Grandmother’s Potato Salad.

A southern family favorite! It is easy to make and good while warm and even better the next day cold.

Best when served alongside some delicious BBQ.

Directions:

Cook potatoes until tender (with skin on) in about 4-5 inches of water with one teaspoon of salt.  Let cool enough to handle.

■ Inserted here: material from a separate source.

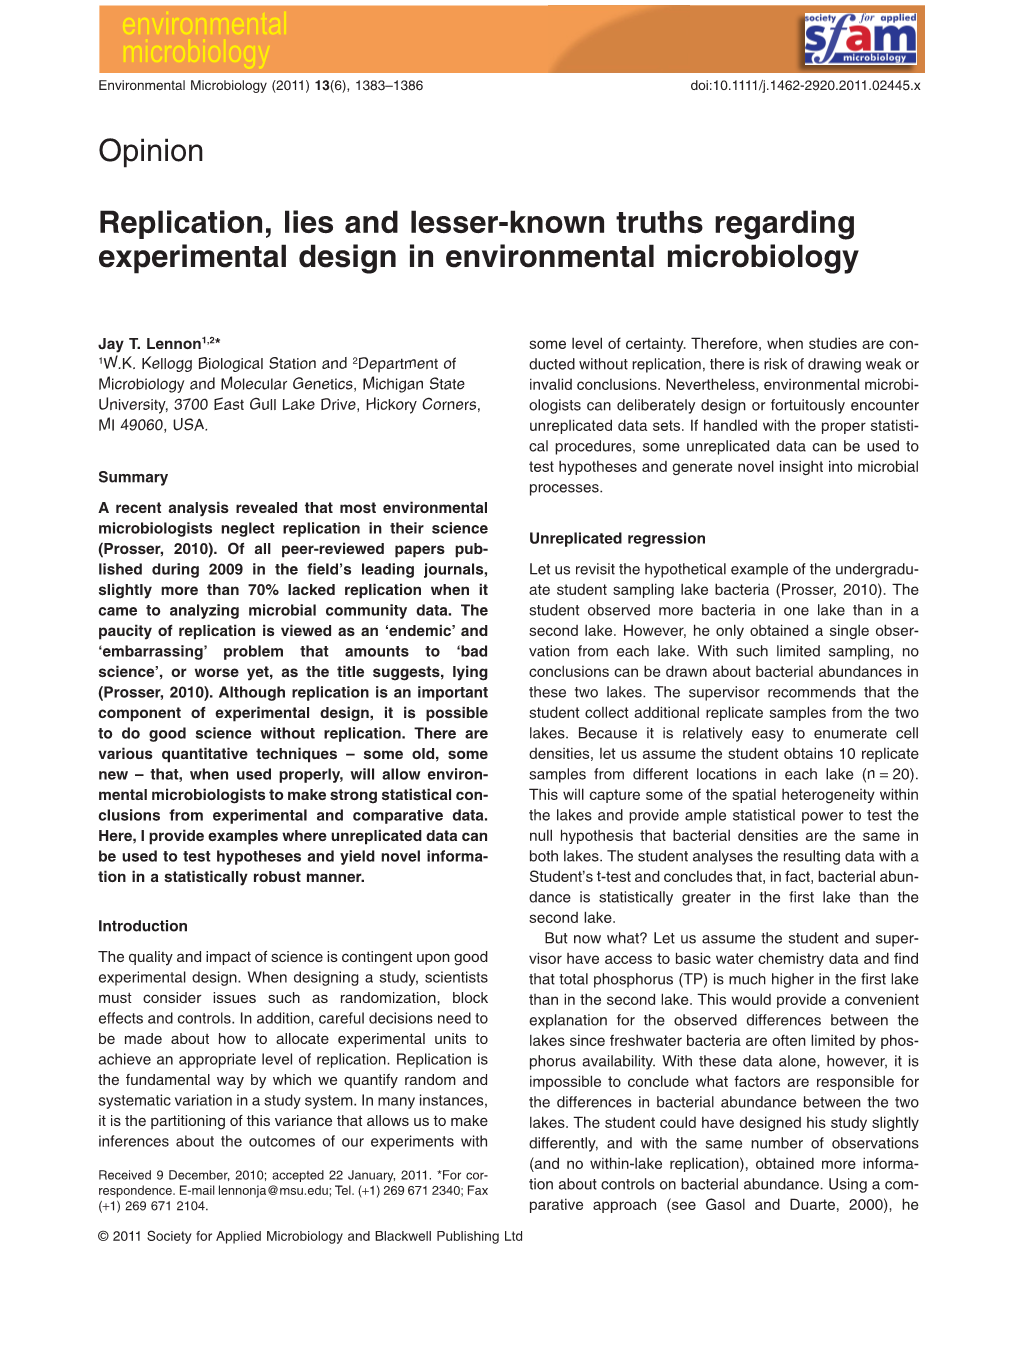 Replication, Lies and Lesserknown Truths Regarding Experimental

Take the skin off and cut in small cubes (just do not go too small or it will go mushy).  Mix all the ingredients together to make a sauce for the potatoes.  Fold the sauce into the potatoes and stir as little as possible to allow the potatoes to absorb the sauce without going mushy.  If the salad is too dry, add spoonfuls of mayo and sour cream.  I usually use at least one teaspoon of celery seed, but it can be adjusted to your taste.  A dash of Tabasco might also be added if you like when you cannot get hot pickles.

Ingredients:

  • 6 potatoes (Alaskan gold are the best: Idaho's do not work to well)

  • 1 cup of Sour Cream

  • 1 cup of mayonnaise

  • Salt to taste (1-2 tsp)

  • 4 eggs (boiled, cooled, peeled and chopped)

  • 1/2-1 tsp teaspoon of celery seed.

  • 1 medium onion chopped fine

  • HOT pickles (amount to taste - usually about 1/4th cup; chopped) Replace with Tabasco if you cannot find.